- What the task asks
Beginning with the line below that contains "measurements-prevNext" and ending with the line that contains "Nico Rosberg Mercedes", retype every line exactly. Pictures are not copied.

- Provided data
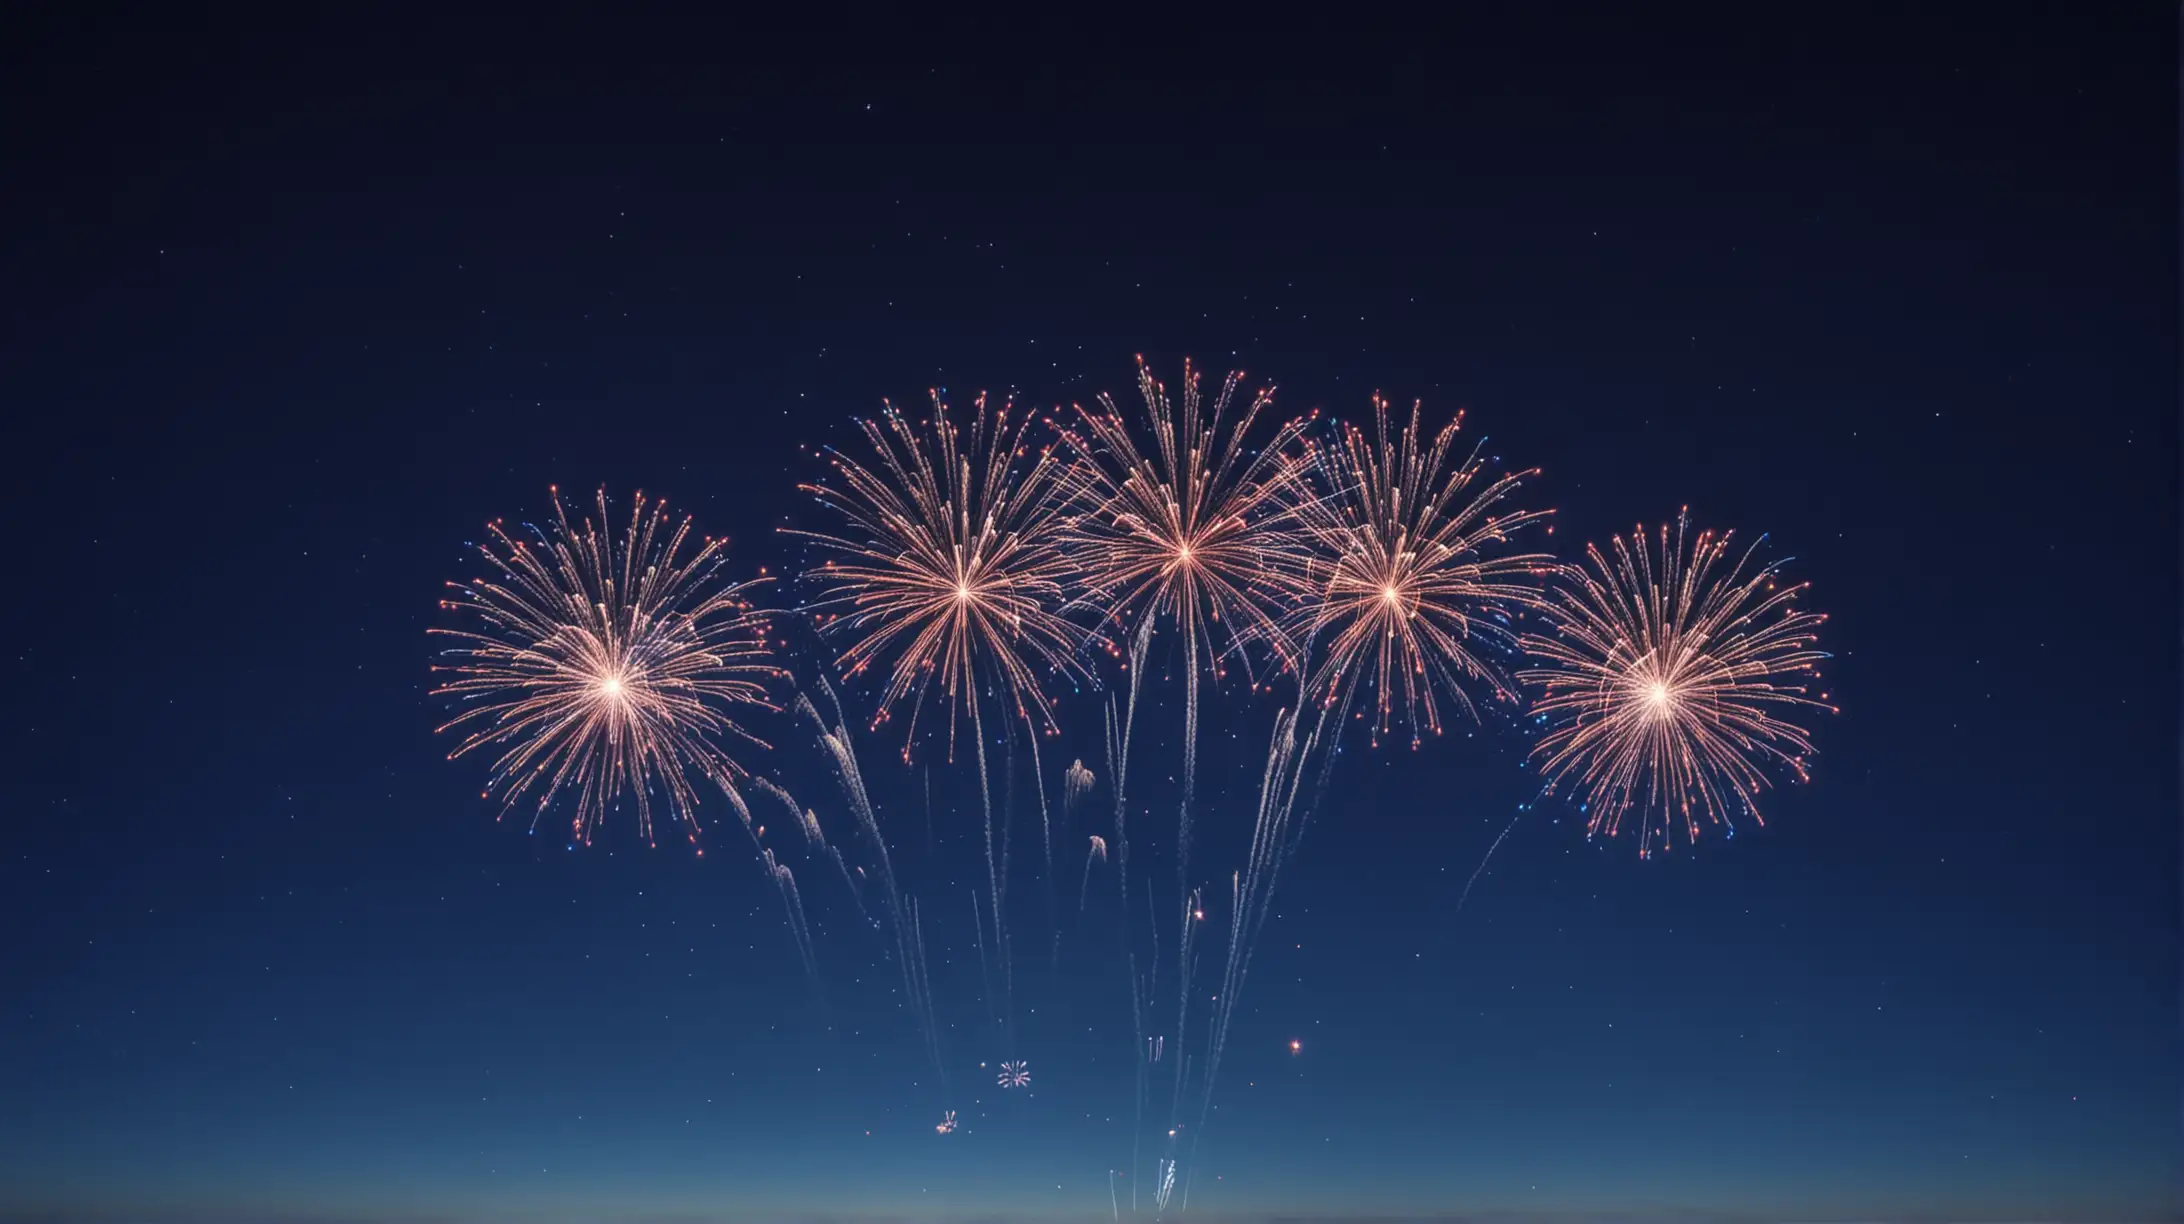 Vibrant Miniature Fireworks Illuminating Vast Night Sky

==

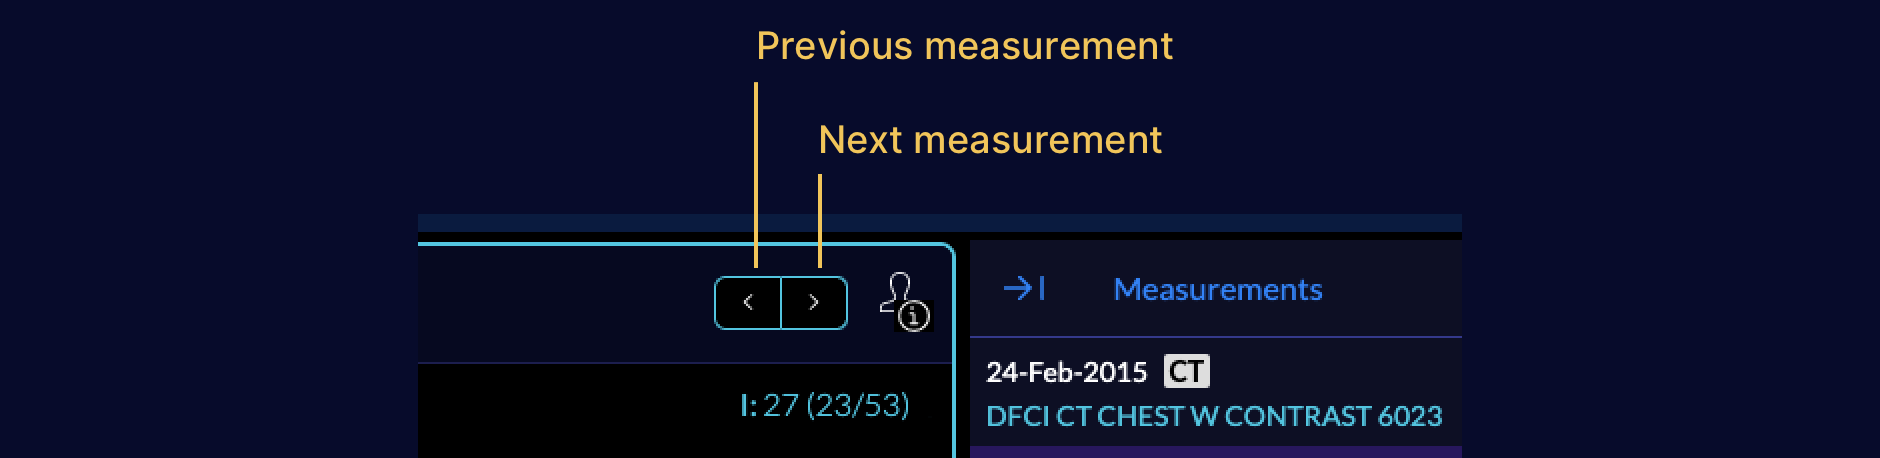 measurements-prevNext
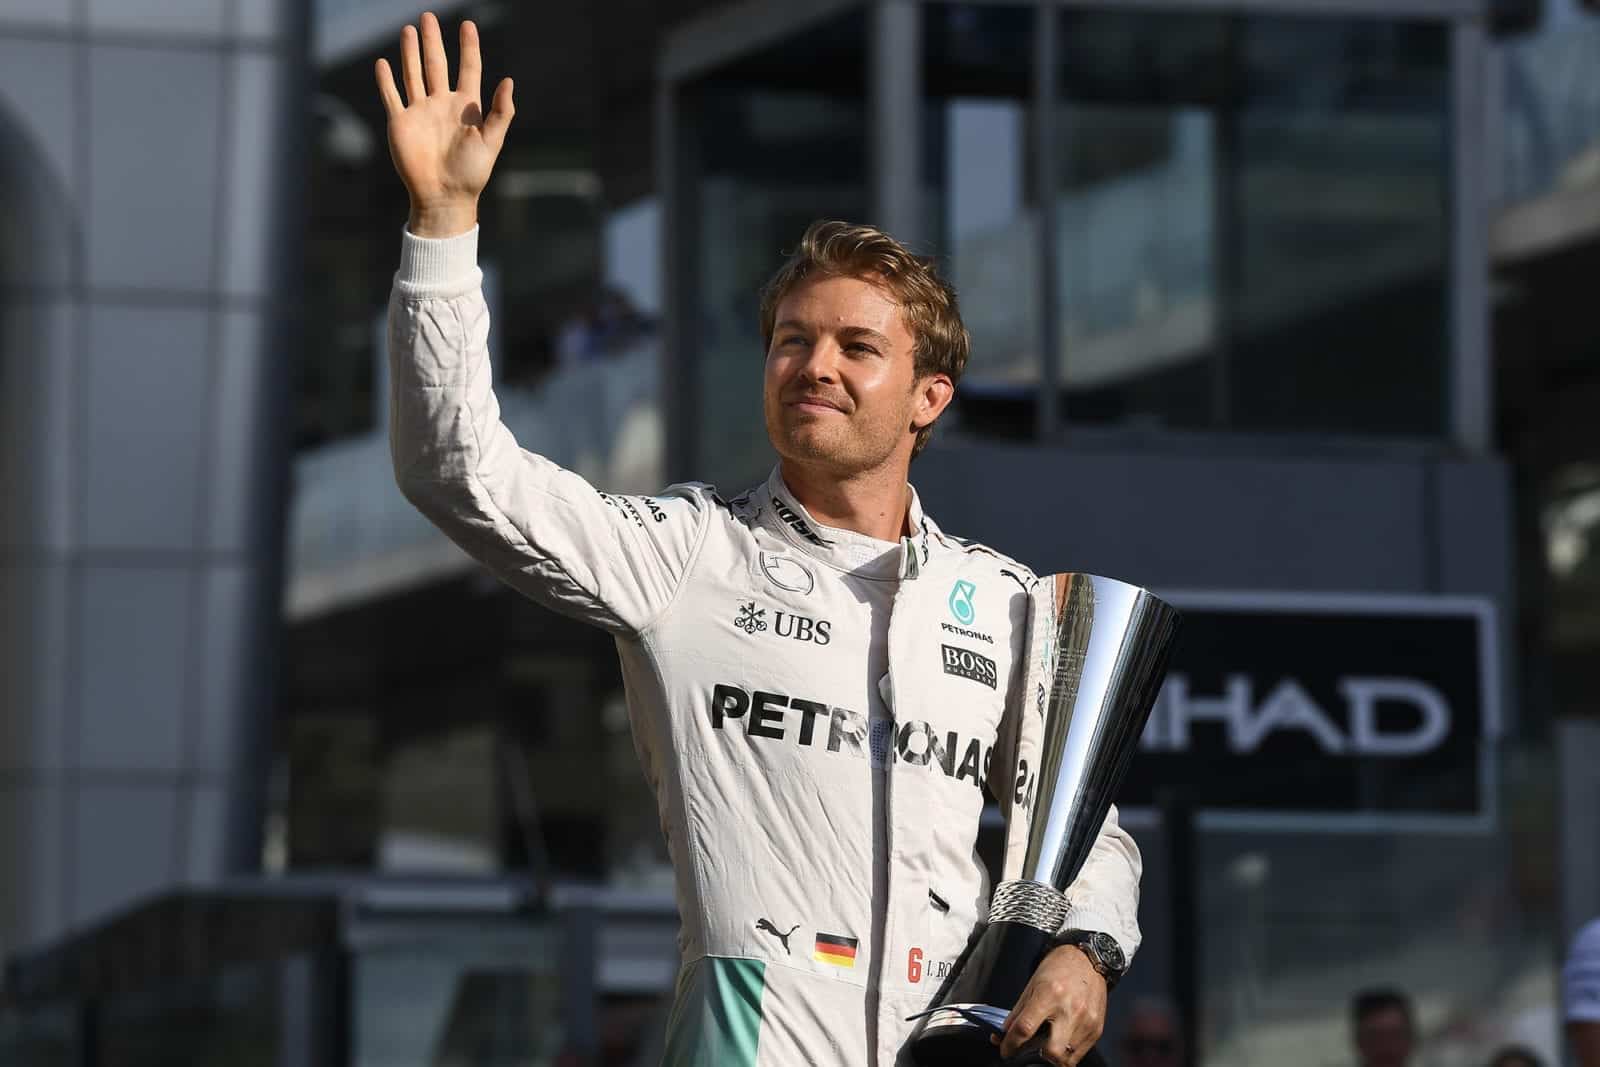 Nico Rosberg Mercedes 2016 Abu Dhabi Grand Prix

- Solution to the problem
 measurements-prevNext
 Nico Rosberg Mercedes 2016 Abu Dhabi Grand Prix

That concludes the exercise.